• **Dataset**:
———

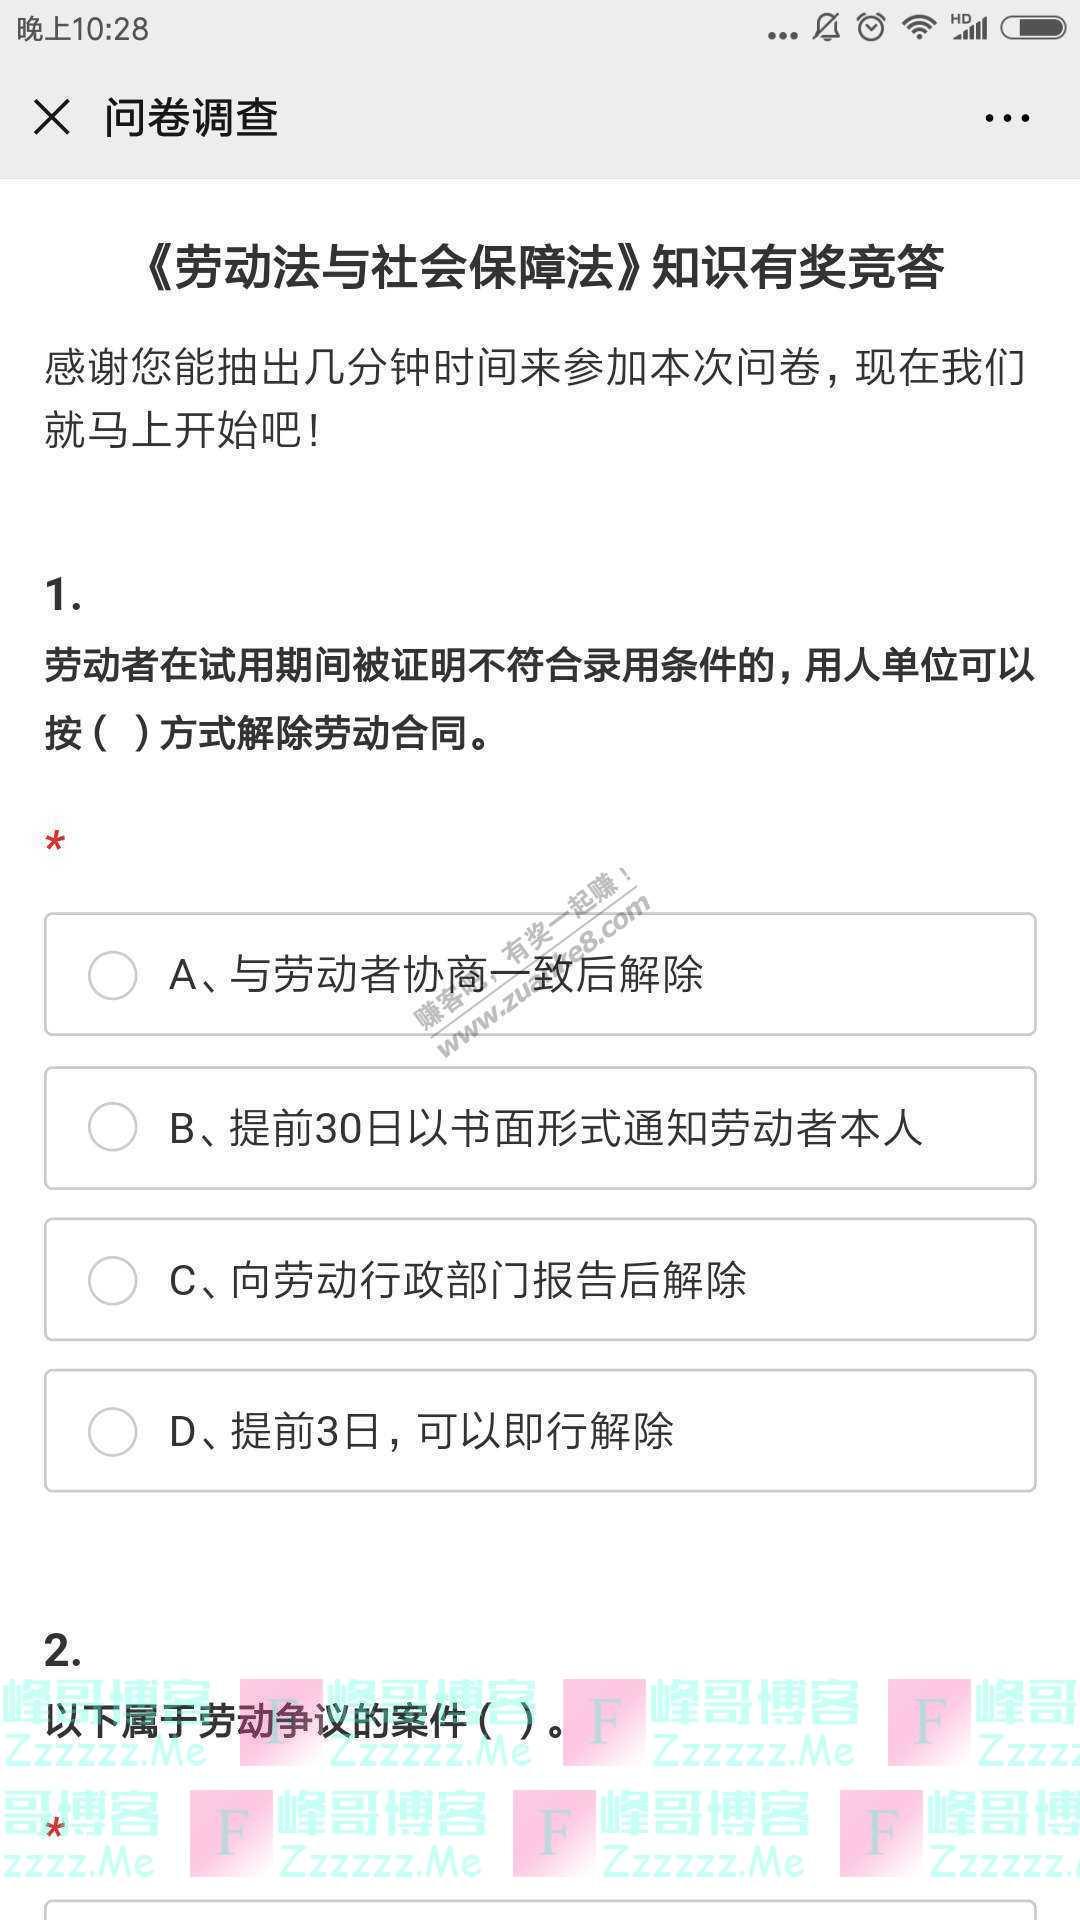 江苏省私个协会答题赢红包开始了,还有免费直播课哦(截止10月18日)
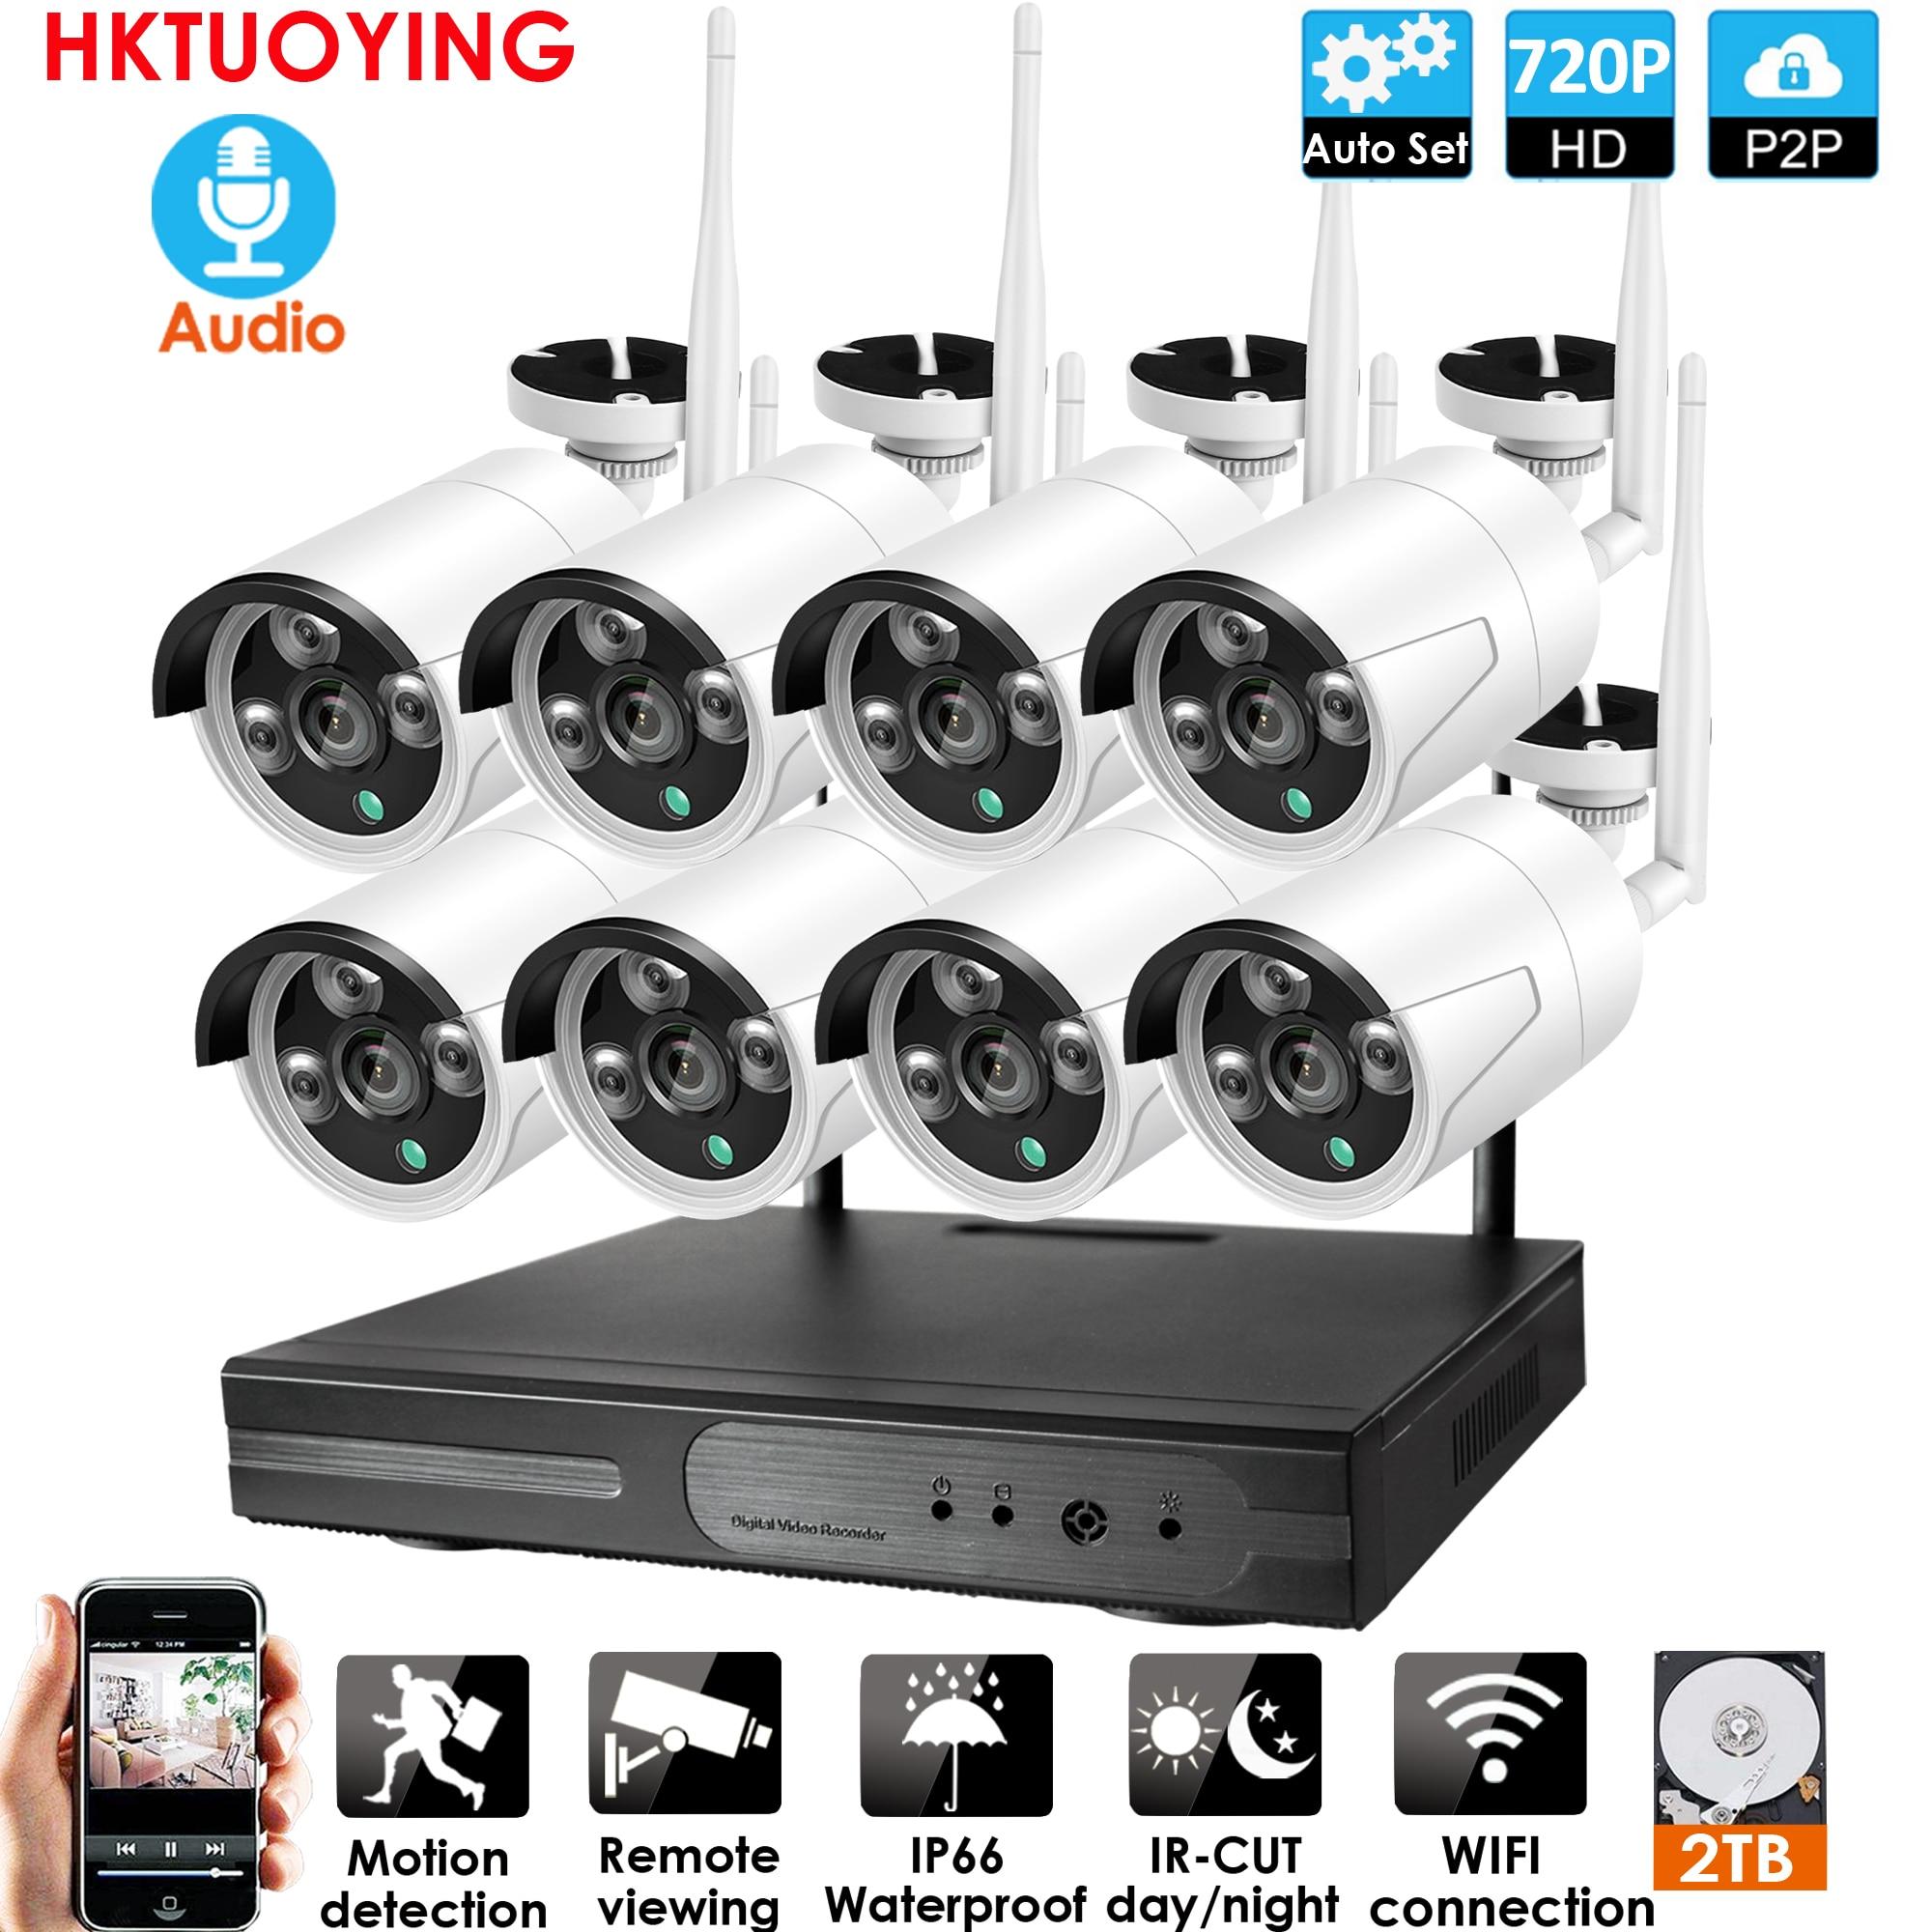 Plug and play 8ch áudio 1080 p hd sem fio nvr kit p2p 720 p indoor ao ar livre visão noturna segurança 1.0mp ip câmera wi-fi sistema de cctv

———

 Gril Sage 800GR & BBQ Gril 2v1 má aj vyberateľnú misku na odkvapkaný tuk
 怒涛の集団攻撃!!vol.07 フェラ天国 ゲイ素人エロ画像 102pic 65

———

• **Aim of the task**: A clean copy is needed of the lines in the listing above from the one with "江苏省私个协会答题赢红包开始了,还有免费直播课哦(截止10月18日)" through the one with "Plug and play", exact in every word and free of pictures.

• **Answer to this problem**:
 江苏省私个协会答题赢红包开始了,还有免费直播课哦(截止10月18日)
 Plug and play 8ch áudio 1080 p hd sem fio nvr kit p2p 720 p indoor ao ar livre visão noturna segurança 1.0mp ip câmera wi-fi sistema de cctv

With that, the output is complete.